HOLY COW...I mean BEE!

Jim


----------



## Holton (Apr 28, 2005)

Man that's an eye opener this morning.............Dang.


----------



## Jasper (Apr 28, 2005)

Wow!!!!!!! That gives me the creeps just looking at it. 

Don't let HT2 and Jody Hawk know where that thing is. They'll be standing guard so know one will harm their precious mascots!


----------



## beginnersluck (Apr 28, 2005)

Woodsong said:
			
		

> Are you SURE it is not just Jabba the Hut with his head cut off??
> 
> WOW!


Could be!!  That was funny!


----------



## broadhead (Apr 28, 2005)

*Famous Last Words*

"Hey BubbaBob, hand me that rock. Now, hold my beer and watch this!!"


----------



## phinizyhunt (Apr 28, 2005)

Wow. !!   Anybody got a hammer?


----------



## Thunder (Apr 28, 2005)

*Wow*


----------



## Branchminnow (Apr 28, 2005)

broadhead said:
			
		

> "Hey BubbaBob, hand me that rock. Now, hold my beer and watch this!!"

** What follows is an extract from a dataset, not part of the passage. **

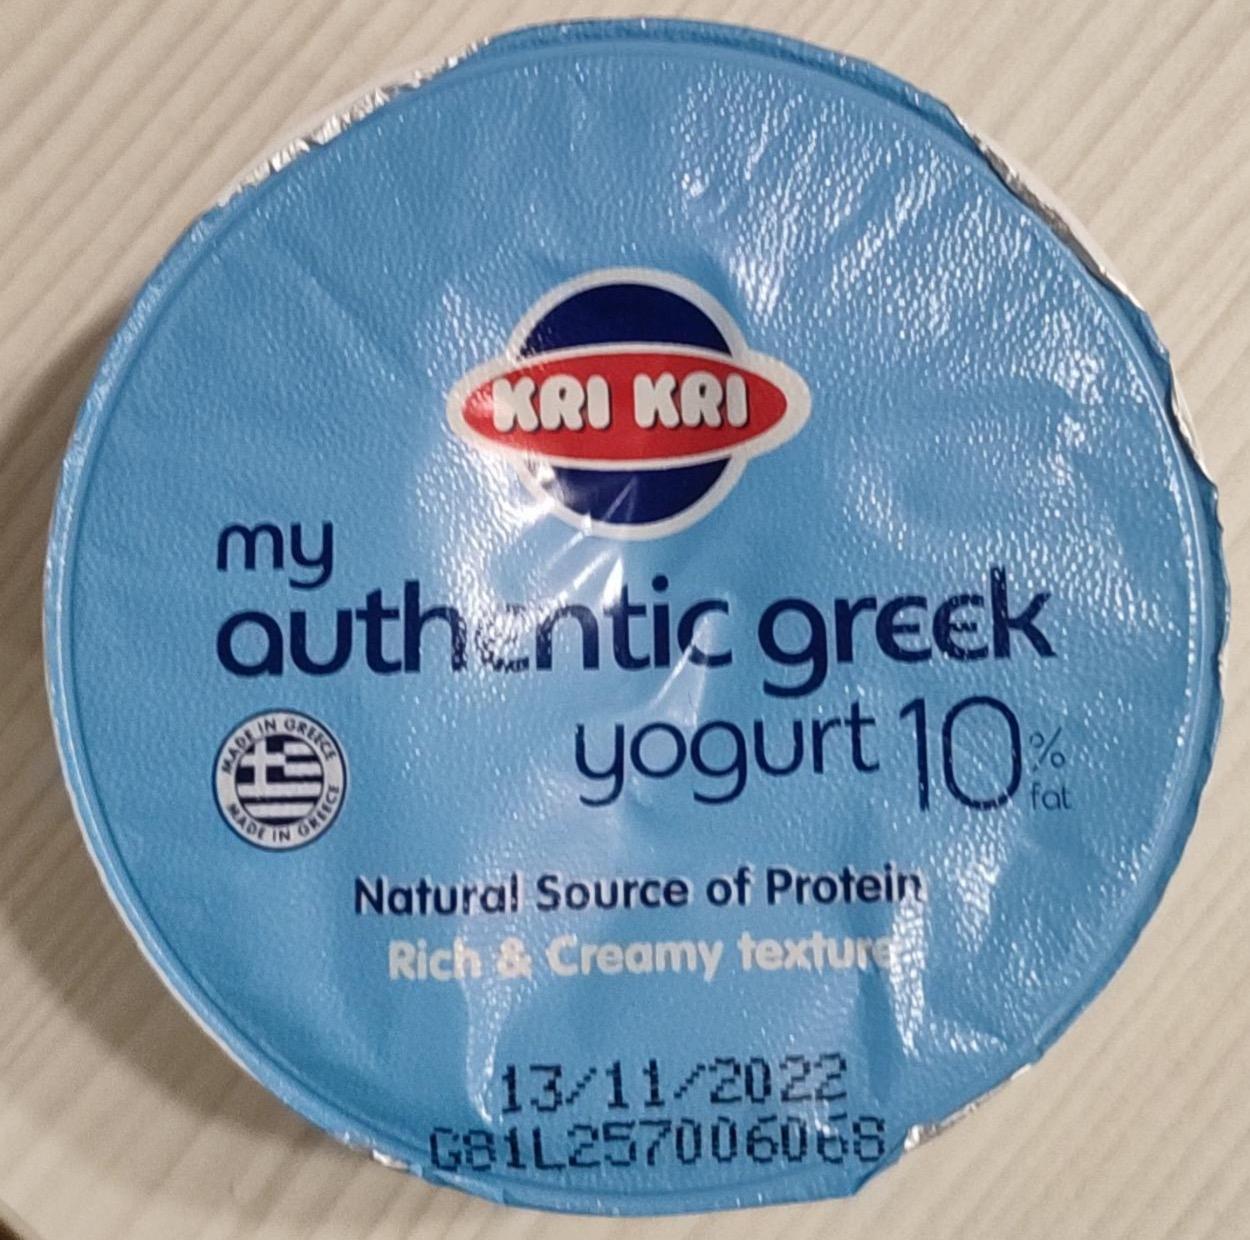 Képek - Grécky jogurt 10% Kri kri

You know what the famous last words of a redneck are now!!!!!!!!!!!


----------



## Scout-N-Hunt (Apr 28, 2005)

Holy Cow!


----------



## Muygrande (Apr 28, 2005)

Got to be more big toebig toebig toebig toe careful!! I'd set 'er afire quick!! "Uh Dad, you know that 'ole Mexican Trailer on the Johnson place??? Well there's been a accident!!!"


----------



## jay sullivent (Apr 28, 2005)

that's a lot of fishbait


----------



## Bucky T (Apr 28, 2005)

You'd need a fire engine filled with wasp killer to spray that nest down!!!!

Tommy


----------



## HT2 (Apr 28, 2005)

*Dang!!!!!!!*

I'm a "JACKET" fan, but I don't believe I'd even wanna get close to that one..........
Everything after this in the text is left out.